Nach der Ermordung Moïses hat der ehemalige Interims-Premierminister Claude Joseph einen 15-tägigen Ausnahmezustand ausgerufen. Diese Zeit solle dafür genutzt werden, die Ermittlungen voranzubringen sowie spezielle Sicherheitsmaßnahmen durchzuführen.

Die politische Machtsituation Haitis bleibt chaotisch. Die Verfassung des Karibikstaates besagt, dass die Minister unter der Leitung des Premierministers im Falle eines vakanten Präsidentenamtes die Kontrolle übernehmen, bis Wahlen einberufen werden können. Jedoch hat Claude Joseph sich inzwischen selbst zum Interimspräsidenten erklärt. Noch einen Tag vor seiner Ermordung ernannte Moïse Ariel Henry zum nächsten Premierminister. Dieser konnte jedoch keinen Amtseid ablegen. Henry stellt sich gegen Joseph und fordert dessen Rücktritt.
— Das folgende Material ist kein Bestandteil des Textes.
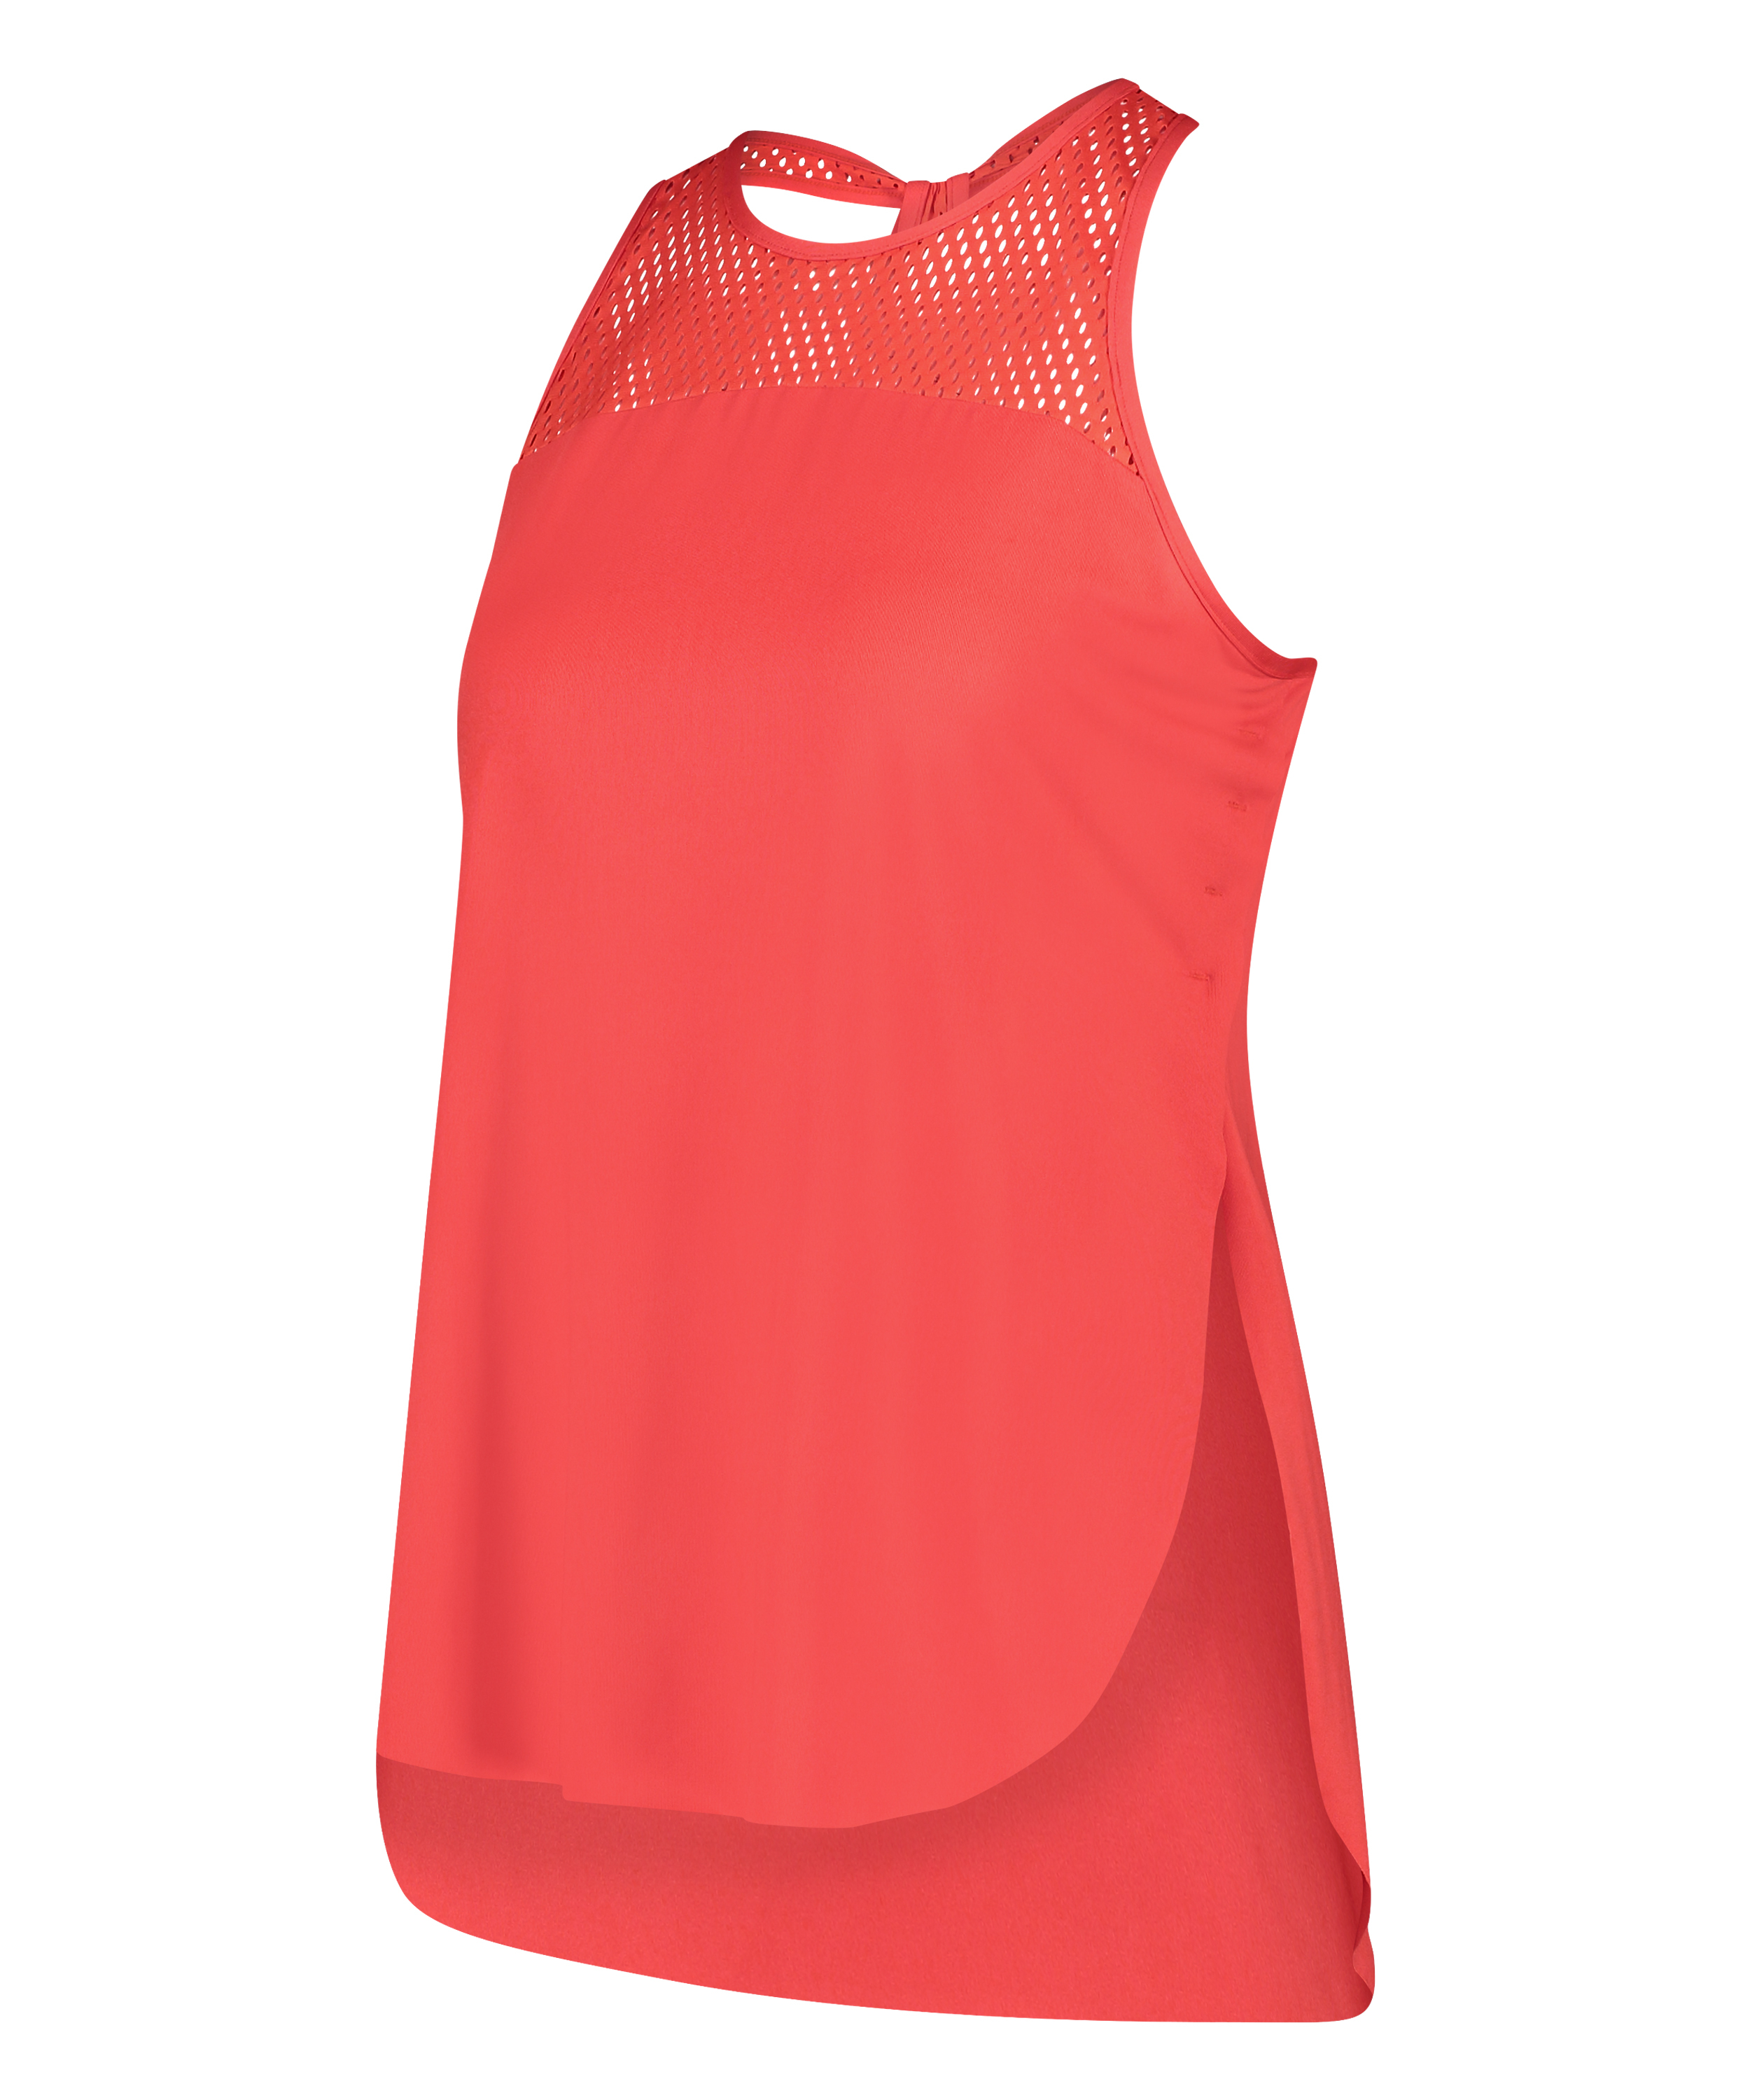 HKMX Tank top Performance, Red, main

In den letzten Monaten stieg die Gewalt in dem ärmsten Land der Karibik kontinuierlich an. Moïse wurde bezichtigt, kriminelle Banden genutzt zu haben, um seine politischen Pläne durchzusetzen. Die Gültigkeit seiner Amtszeit war heftig umstritten.

In Haiti würden am 26. September Präsidentschafts- und Parlamentswahlen abgehalten werden. Am selben Tag soll das von Moïse vorangetriebene Verfassungsreferendum stattfinden, das unter anderem die Abschaffung des Premierministers und des Senats vorsieht. Moïse regierte per Dekret, seit das Parlament im Januar 2020 suspendiert wurde und sein Präsidialmandat nach Auffassung der Opposition am 7. Februar dieses Jahres auslief.

Zu den letzten Maßnahmen des Präsidenten vor seiner Ermordung gehörte die Ernennung des nunmehr fünften Premierministers. Außerdem dekretierte er die "Entlastung" aller ehemaligen Premierminister und Minister, die zwischen 1991 und 2017 in ihren Funktionen waren. Damit werden die Betreffenden durch keine parlamentarischen Untersuchungen über eventuelle Verfehlungen mehr an einer erneuten Kandidatur bei Wahlen gehindert.